L’histoire de l’homme coupé en deux :

1916. Paul Grappe (Pierre Deladonchamps) ne veut plus combattre les allemands. Il déserte et se réfugie dans les jupons de sa femme, Louise (Céline Sallette). Le couple sait le sort réservé aux déserteurs, mais Paul ne veut pas moisir dans un cave à l’abri des regards. Sa liberté, il la vit en Suzanne, dame de tout le monde au Bois de Boulogne, mais au petit matin, il retrouve toujours Louise. Si c’est elle qui l’a encouragé à se travestir, elle n’imaginait pas toute la place qu’allait prendre Suzanne dans leur vie à deux. Folle d’amour pour Paul, elle accepte tout : libertinage, prostitution, échangisme, et même son alcoolisme. A la fin de la guerre, Paul est libre et il lui faut alors dire au revoir à Suzanne. Mais comment se séparer d’une partie de soi-même ?

On avait au moins 4 bonnes raisons d’aimer le film :

  • Téchiné (Les Roseaux sauvages, Rendez-Vous, Hôtel des Amériques, J’embrasse pas, Le Lieu du crime, Ma saison préférée, Les Témoins – notre top 7 sans ordre de préférence !).
  • Pierre Deladonchamps et Céline Sallette chez Téchiné : un choix de casting idéal.
  • Michel Fau chez Téchiné – rencontre entre “divas”.
  • Un récit sur la transidentité et la libération sexuelle dans une époque qui ne les admet pas, film queer idéal sur le papier.

Sauf que la promesse du titre n’est pas tenue pour deux raisons :

1 – Téchiné morcelle maladroitement la chronologie des événements et cultive l’ellipse.
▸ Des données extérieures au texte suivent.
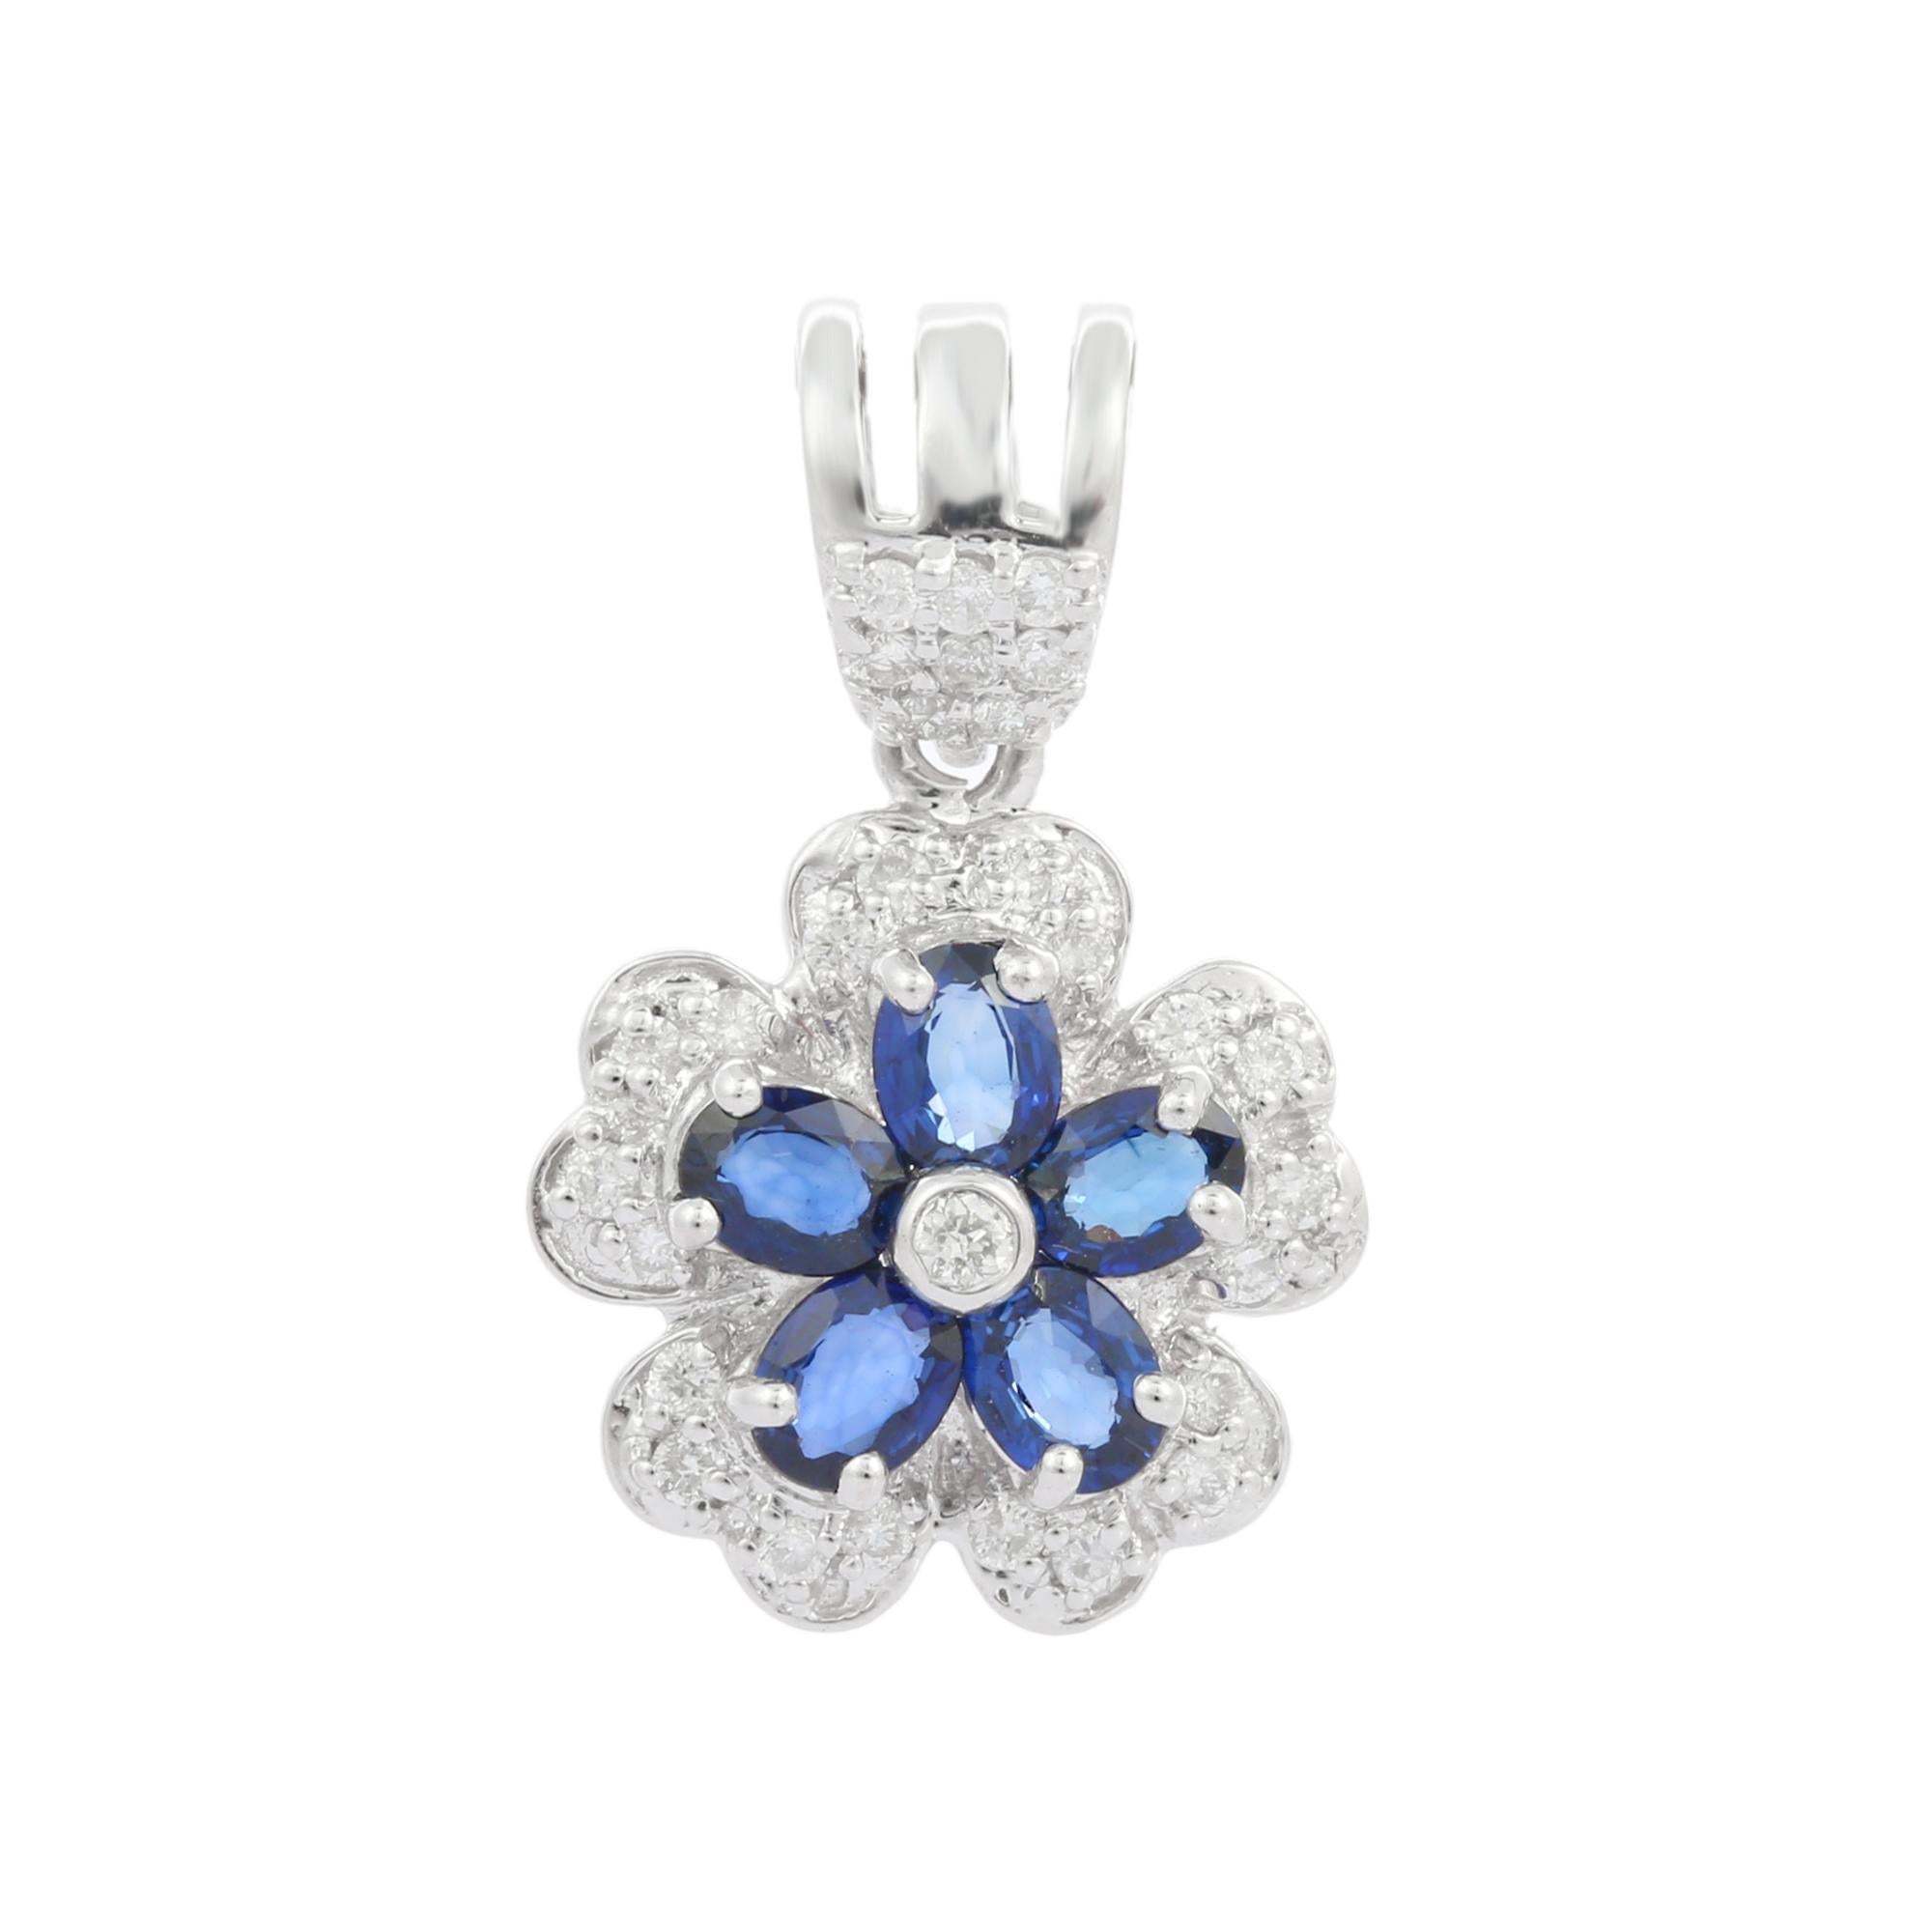 Natural Blue Sapphire pendant in 18K Gold. It has a oval cut sapphires studded with clustered diamonds that completes your look with a decent touch. Pendants are used to wear or gifted to represent love and promises. It's an attractive jewelry piece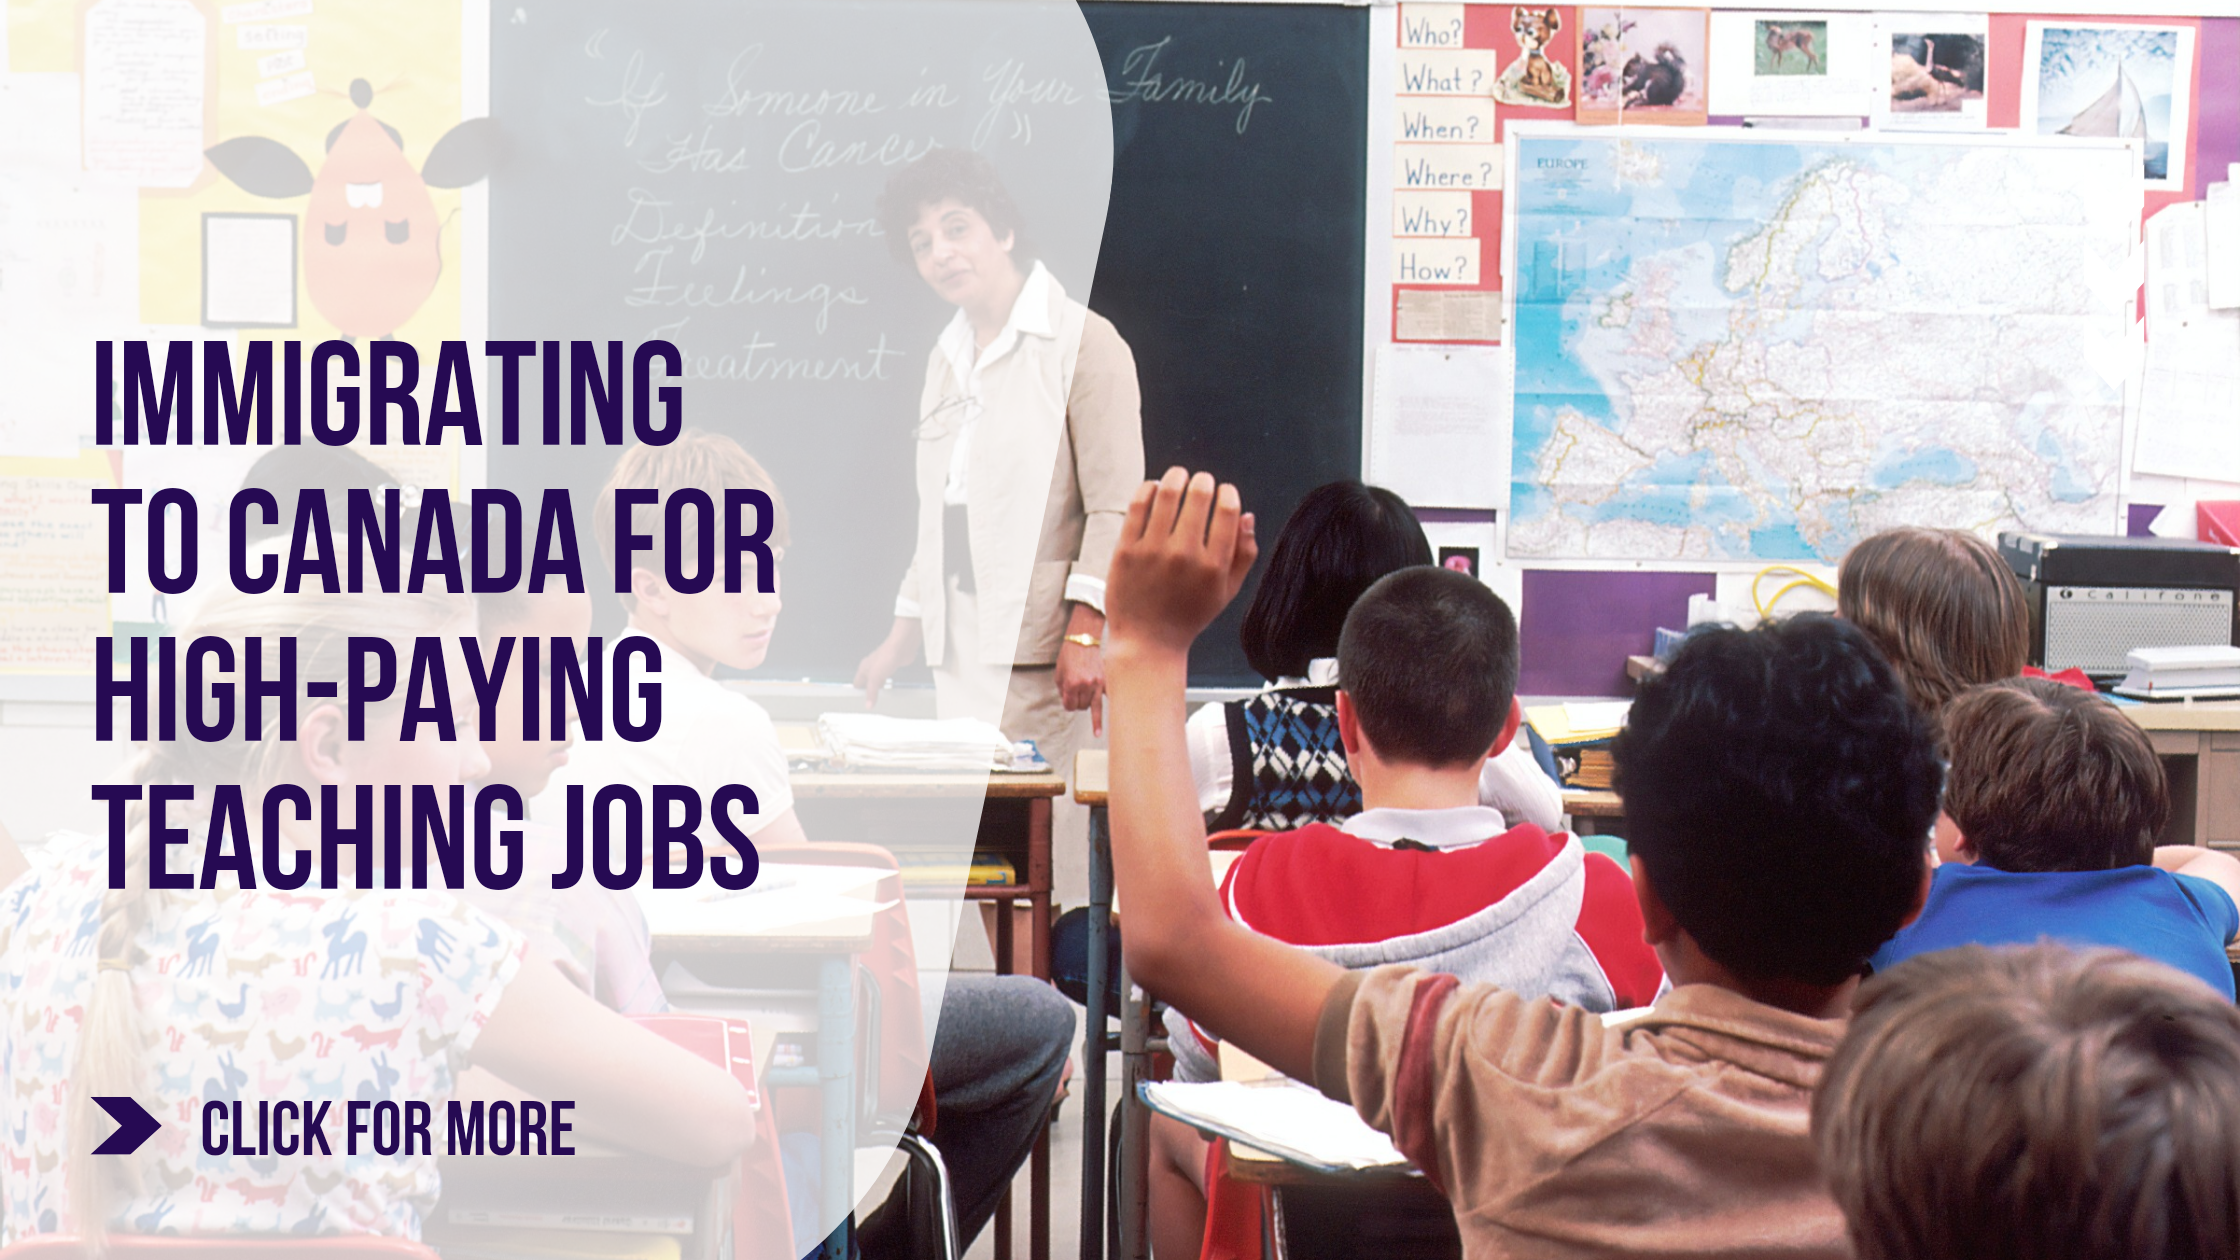 The Canadian Education System: Immigrating to Canada for High-Paying Teaching Jobs

Le “Nos années” n’est en réalité qu’une suite d’instantanés et de flashbacks, ce qui fait perdre au contexte (la guerre, l’histoire) de son poids capital et, plus grave, simplifie à l’extrême la psychologie de personnages complexes. Les raccourcis sur le mode “Je me travestis donc je deviens une pute” et “Je suis en plein trouble de genre donc je deviens un danger pour les autres” frisent le combo misogynie/transphobie.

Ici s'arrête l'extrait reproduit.